PLUTO Test Problems  4.4-patch2
Functions
init.c File Reference

Circularly polarized Alfven waves. More...

Functions

void InitDomain (Data *d, Grid *grid)
 

Detailed Description

This is a rotated version of a 1D setup where

\[ \rho = 1 \,,\quad v_x = V_0 \,,\quad v_y = |\epsilon|\sin(\phi) \,,\quad v_z = |\epsilon|\cos(\phi) \,,\quad B_x = 1 \,,\quad B_y = \epsilon\sqrt{\rho}\sin(\phi) \,,\quad B_z = \epsilon\sqrt{\rho}\cos(\phi) \,,\quad P = P_0 \,, \]

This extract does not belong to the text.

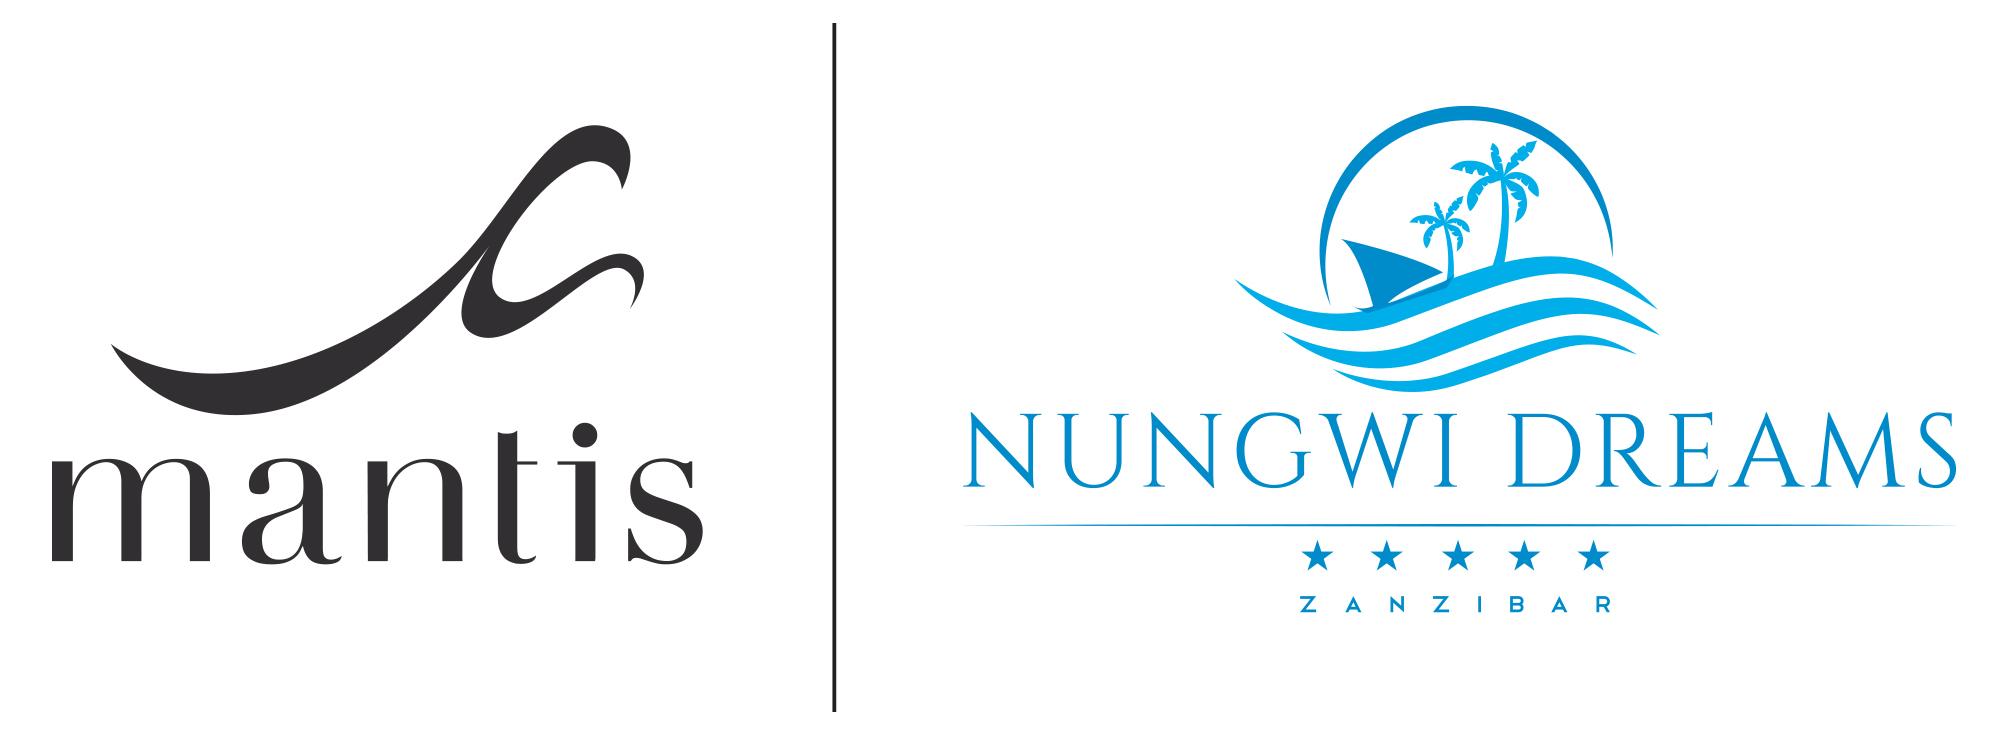 Nungwi Dreams by Mantis - Zanzibar Logo

where $V_0$ is the translation velocity in the $x$ direction, $\phi$ is the phase ( $k_xx$ in 1D and ( $k_xx + k_yy$) in 2D), and $\epsilon$ is the wave amplitude ( $\epsilon > 0$ implies right going waves; $\epsilon < 0$ implies left going waves).

With this normalization, the Alfven velocity $V_A = B_x/\sqrt{\rho}$ is always unity.

The configuration is rotated by specifying $\tan\alpha = k_y/k_x$ and $\tan\beta = k_z/k_x$ which express the ratios between the $y$- and $z$- components of the wave vector with the $x$ component. In order to apply periodic boundary conditions everywhere, an integer number of wavelegnths must be contained in each direction, that is, $k_x = 2\pi/L_x$, $k_y = 2\pi/L_y$, $k_z = 2\pi/L_z$.

We use the tools in rotate.c which requires to specify the four integer shifts such that

\[ \tan\alpha = -\frac{j_x}{j_y}\frac{\Delta x}{\Delta y} = \frac{L_x}{L_y} , \qquad \tan\beta = -\frac{k_x}{k_z}\frac{\Delta x}{\Delta z} = \frac{L_x}{L_z} \]

The final time step is one period and is found from

$V_A = \omega/|k|$ –> $1/T = \sqrt{1 + \tan^2\alpha + \tan^2\beta}$

The runtime parameters that are read from pluto.ini are

Configurations:

Author
A. Mignone (migno.nosp@m.ne@t.nosp@m.o.inf.nosp@m.n.it)
Date
June 11, 2019

References:

Function Documentation

◆ InitDomain()

void InitDomain ( Data *  d,
Grid *  grid 
)

Assign initial condition by looping over the computational domain. Called after the usual Init() function to assign initial conditions on primitive variables. Value assigned here will overwrite those prescribed during Init().